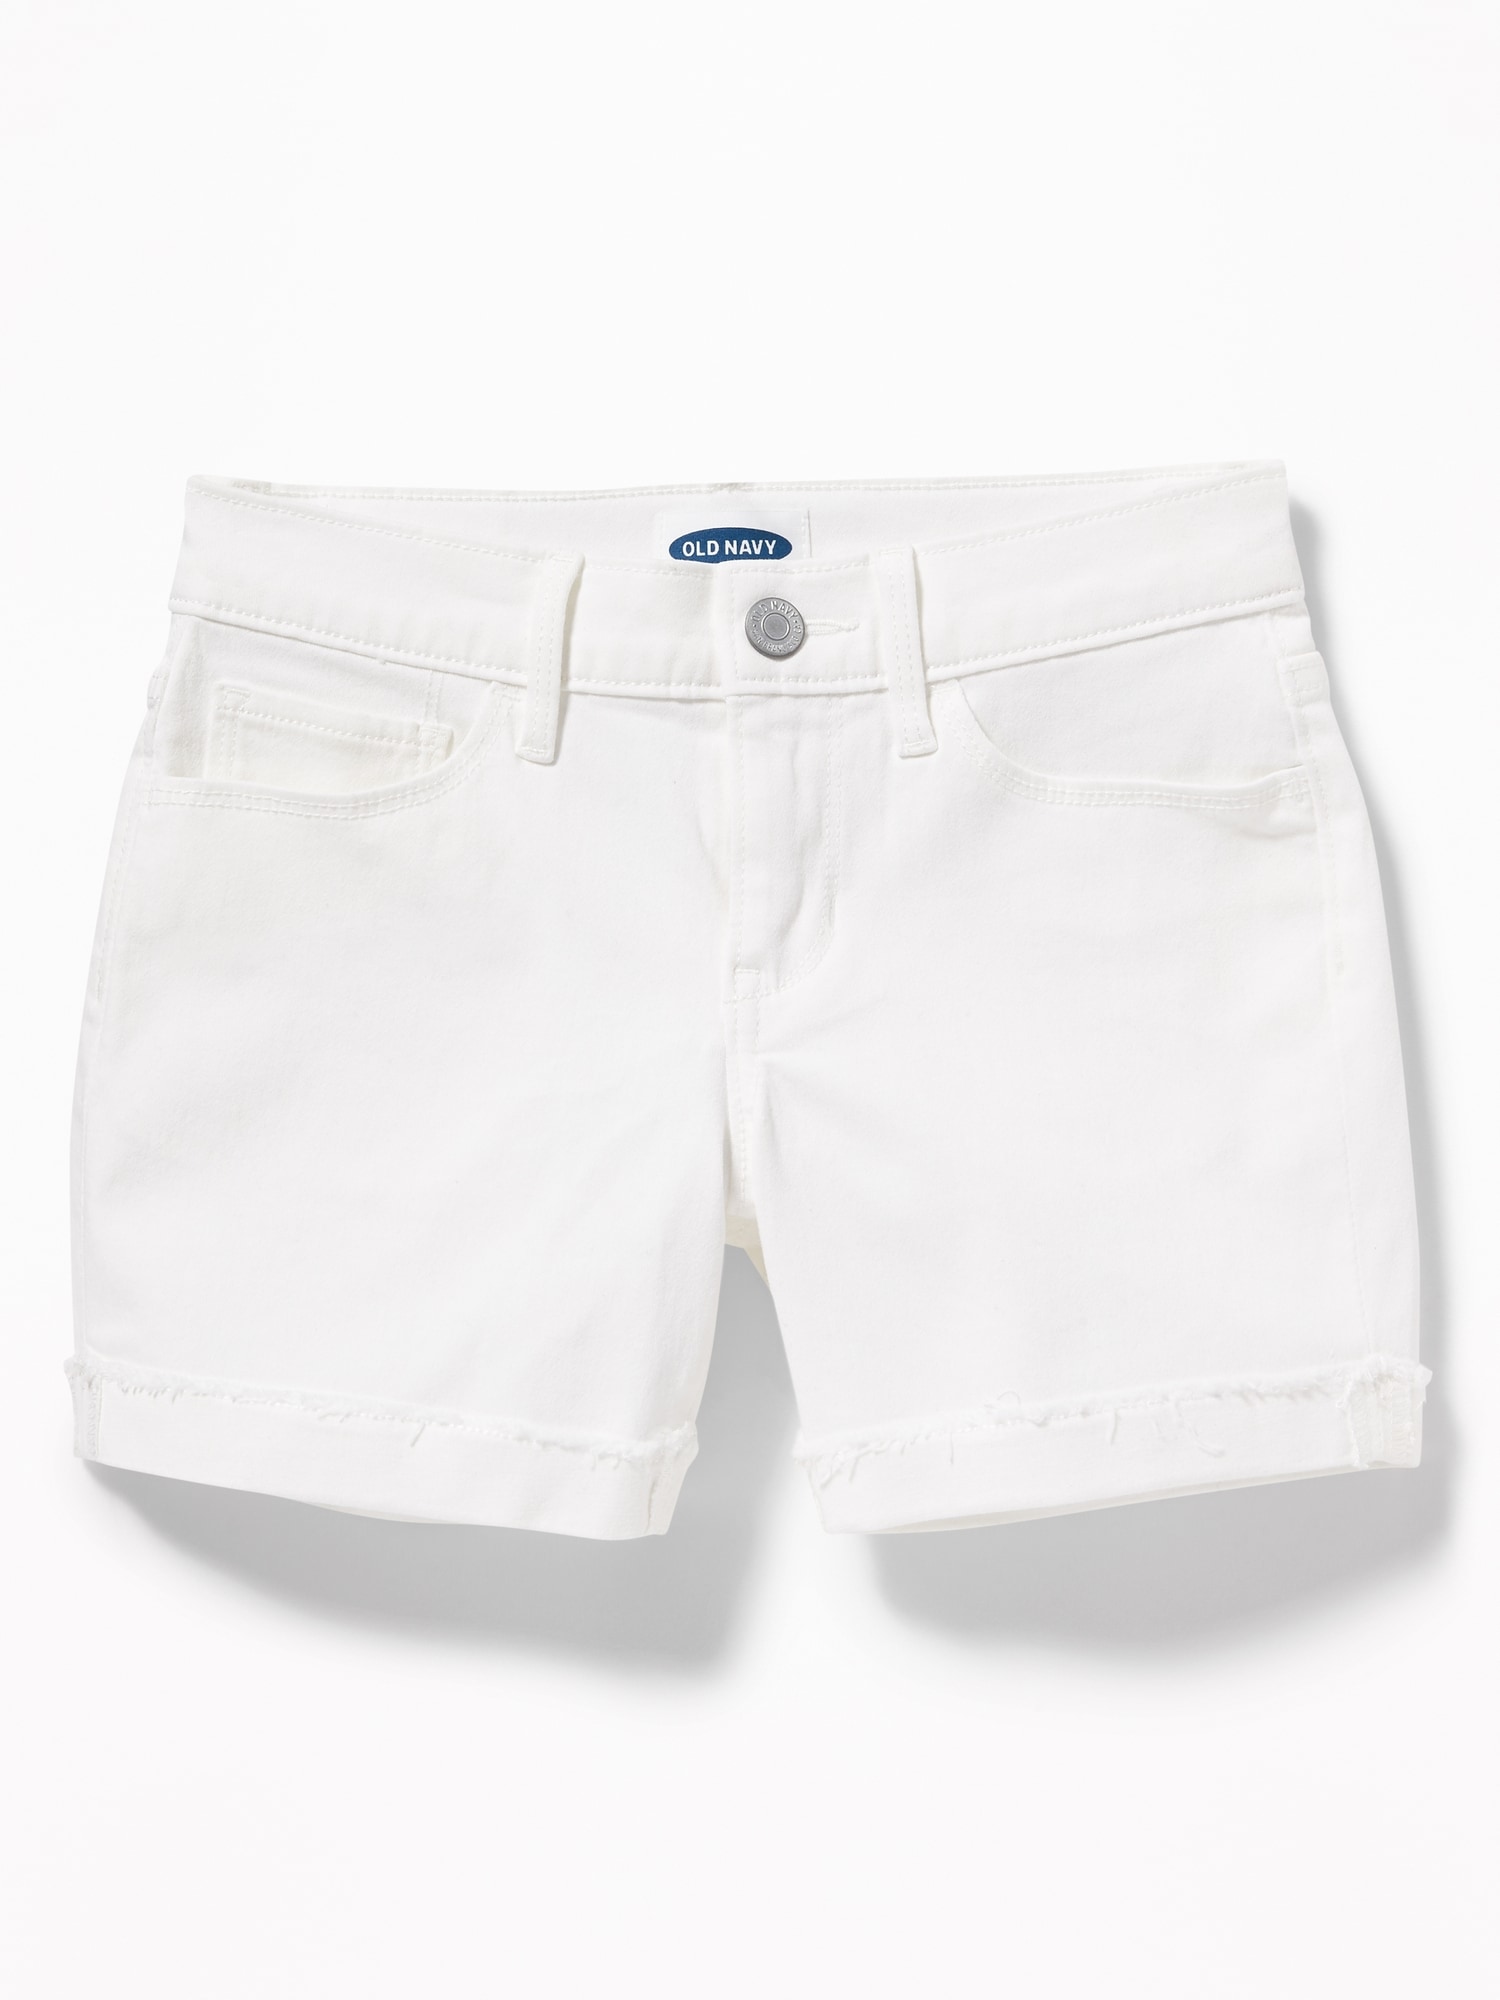 old navy white denim shorts
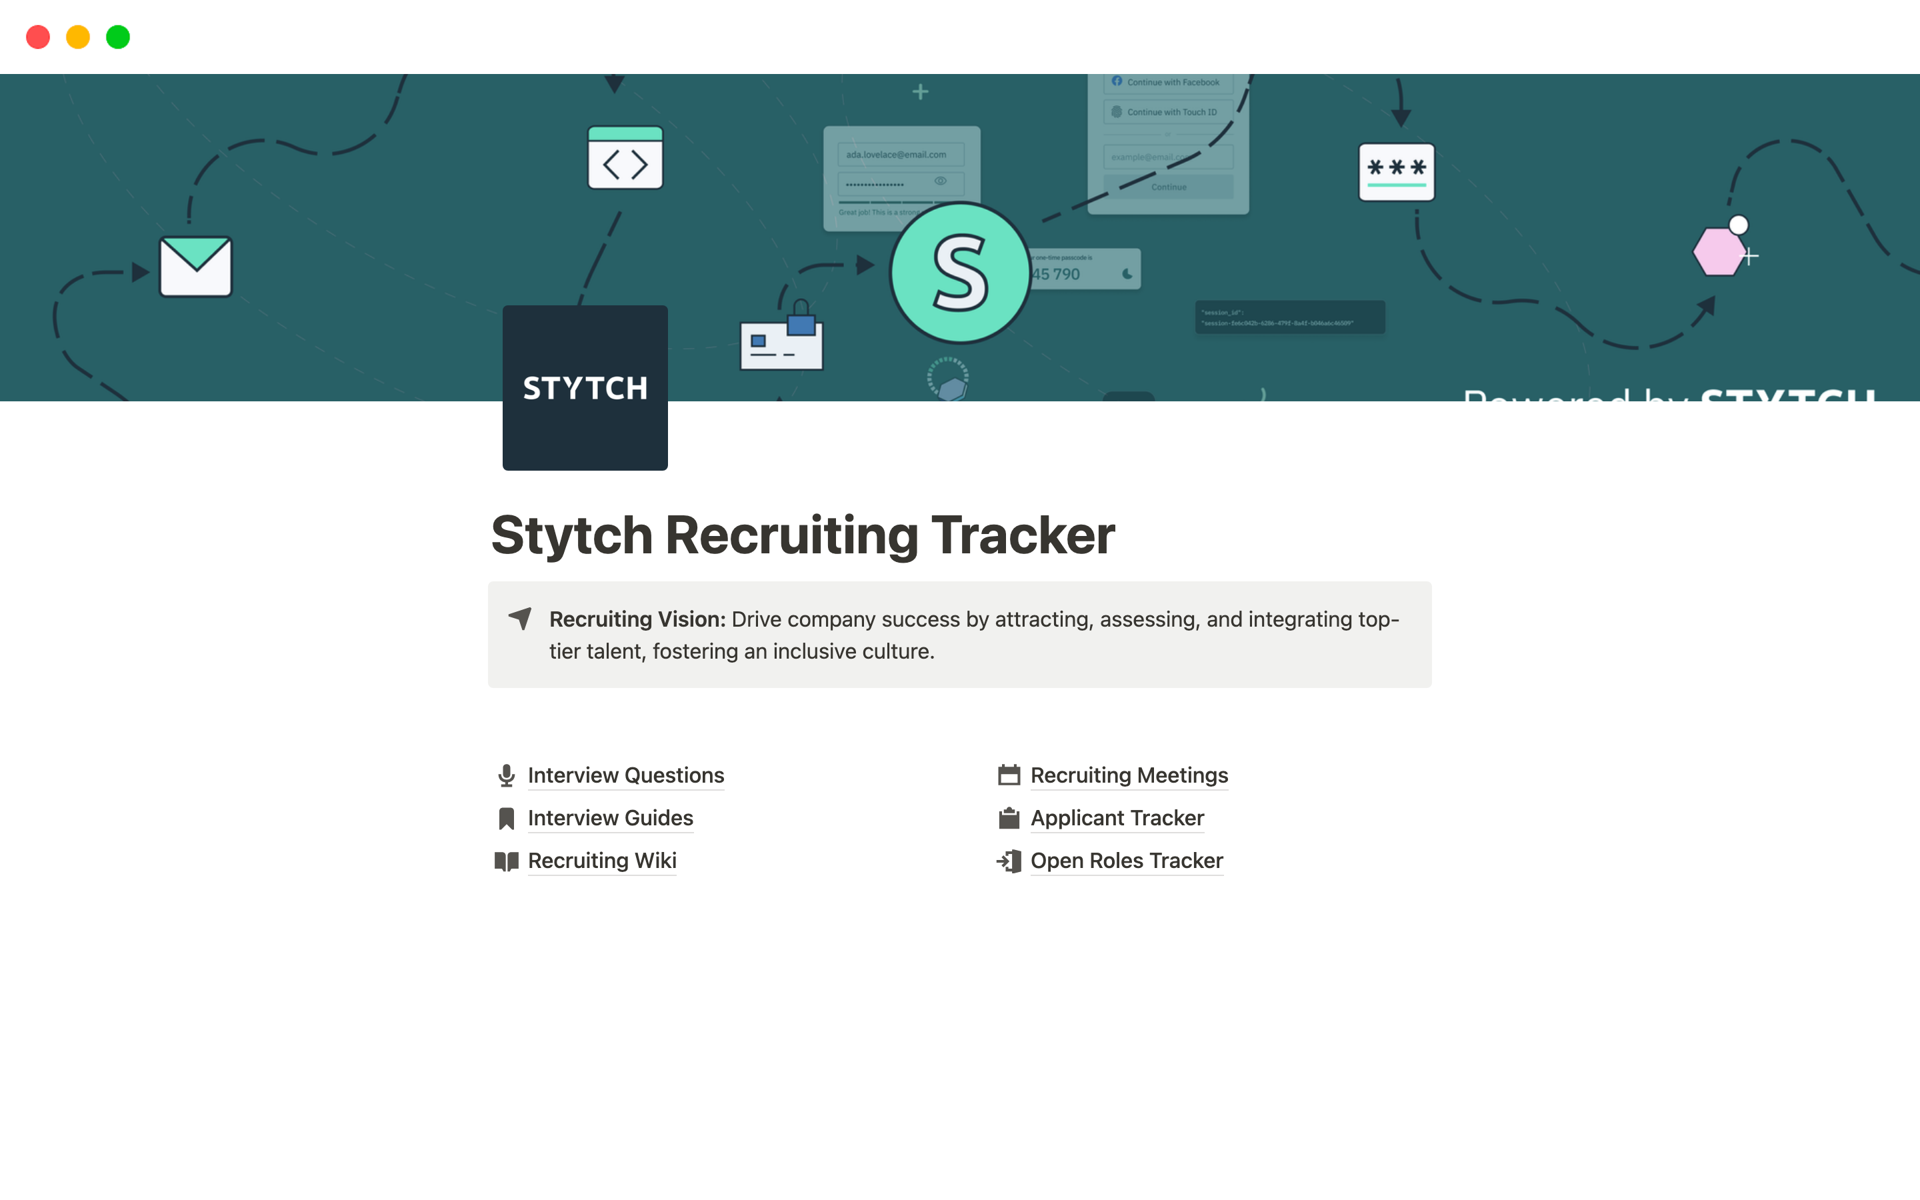 Le modèle de suivi du recrutement par Stytch sur Notion offre une approche ciblée de l’embauche pour les postes d’ingénieurs.
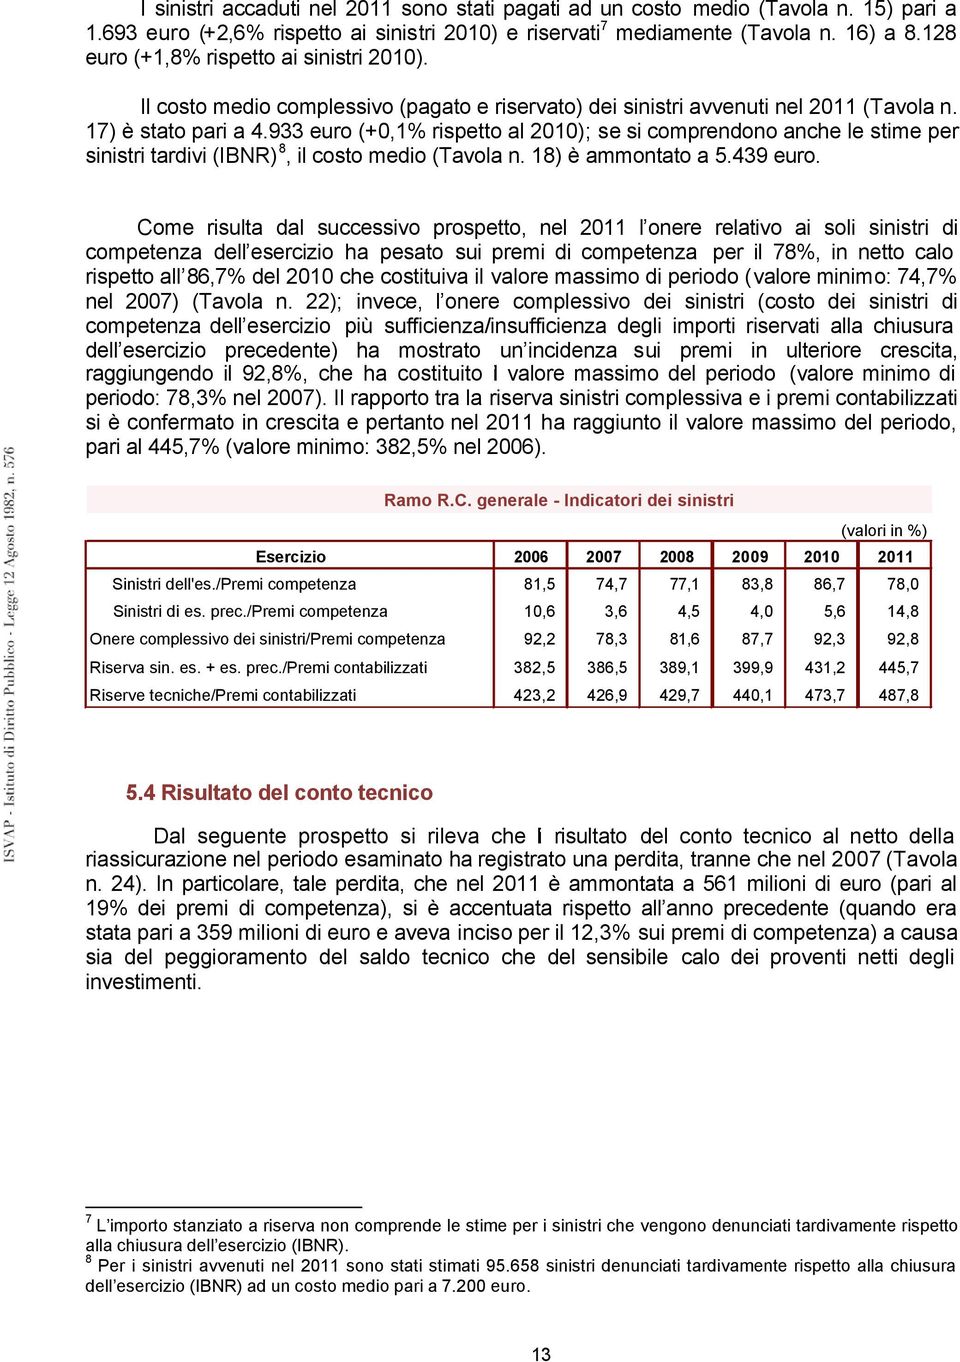 933 euro (+0,1% rispetto al 2010); se si comprendono anche le stime per sinistri tardivi (IBNR) 8, il costo medio (Tavola n. 18) è ammontato a 5.439 euro.
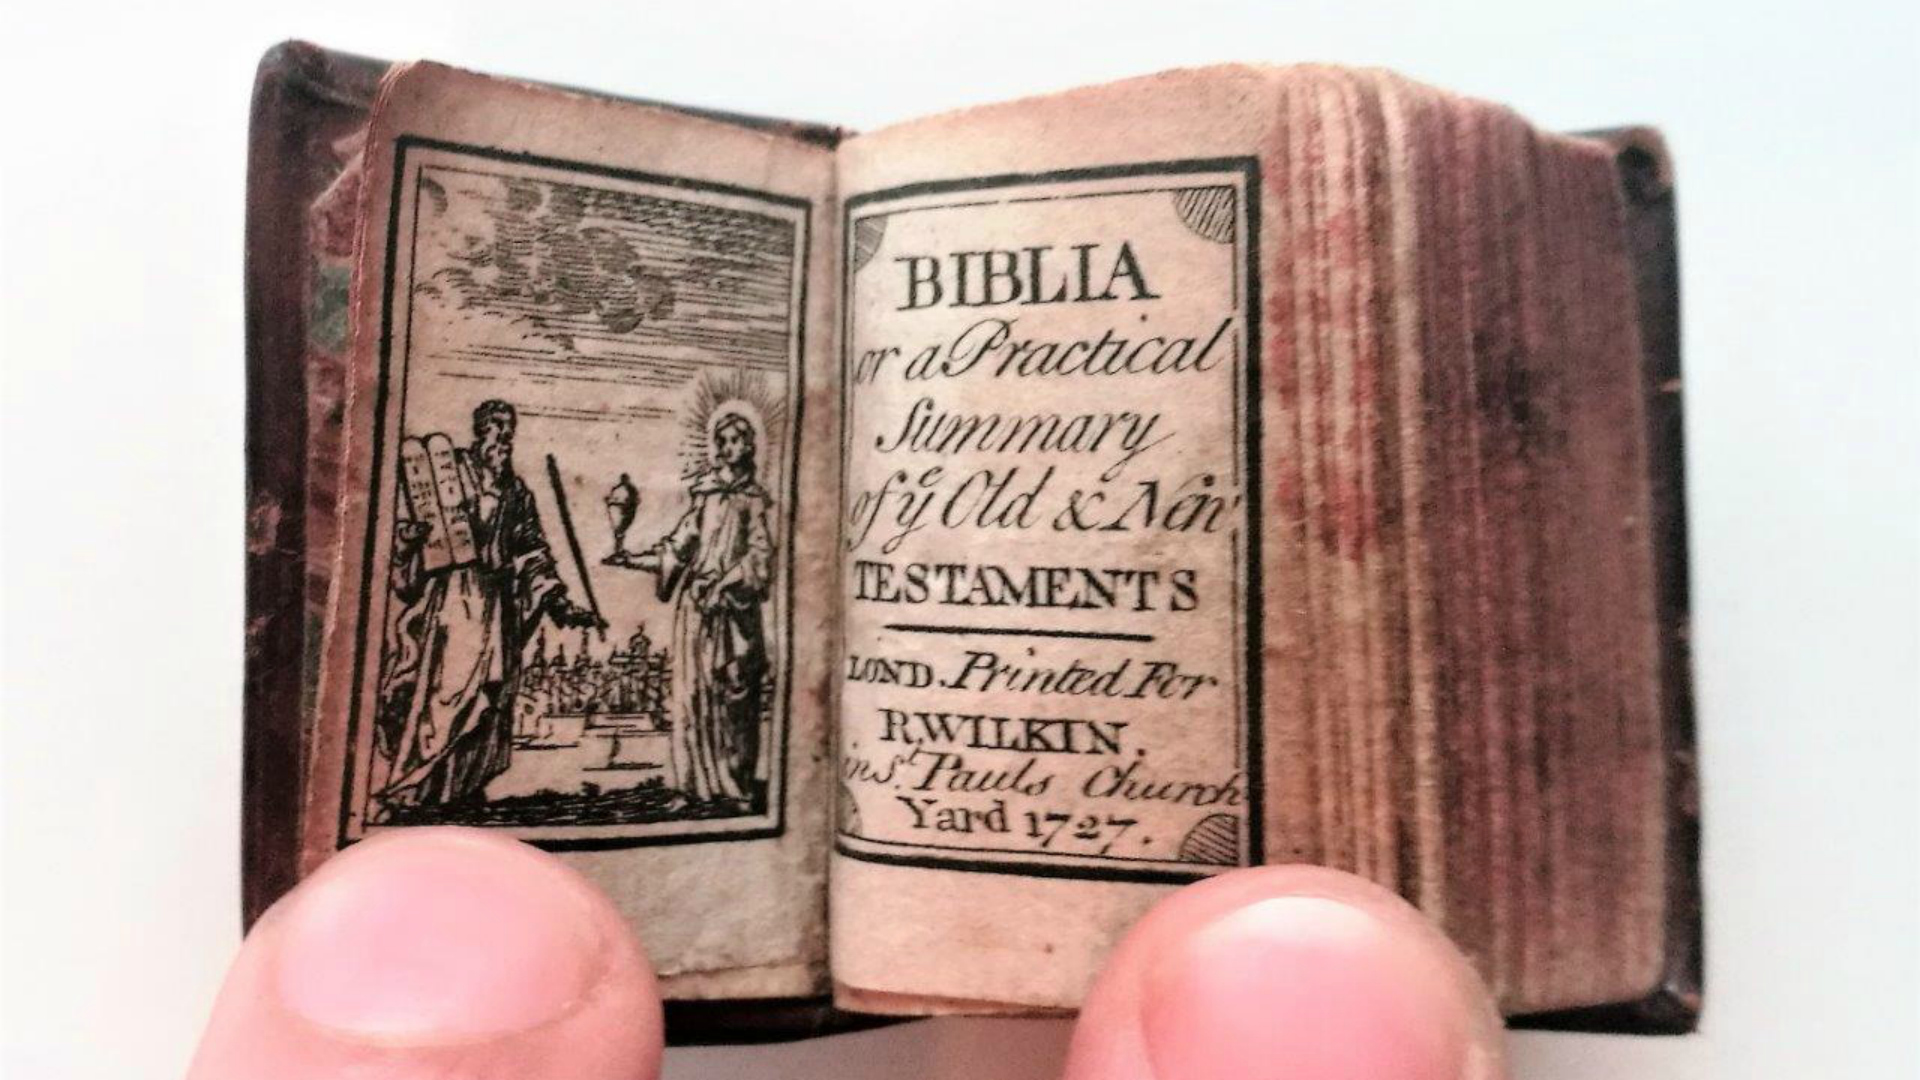 Sale a subasta la Biblia más pequeña del mundo
################
• **WHAT THE TASK REQUIRES**:
The required output is every line of the data above, set down exactly and stripped of pictures.

• **PROBLEM SOLUTION**:
 old navy white denim shorts
 Le modèle de suivi du recrutement par Stytch sur Notion offre une approche ciblée de l’embauche pour les postes d’ingénieurs.
 933 euro (+0,1% rispetto al 2010); se si comprendono anche le stime per sinistri tardivi (IBNR) 8, il costo medio (Tavola n. 18) è ammontato a 5.439 euro.
 Sale a subasta la Biblia más pequeña del mundo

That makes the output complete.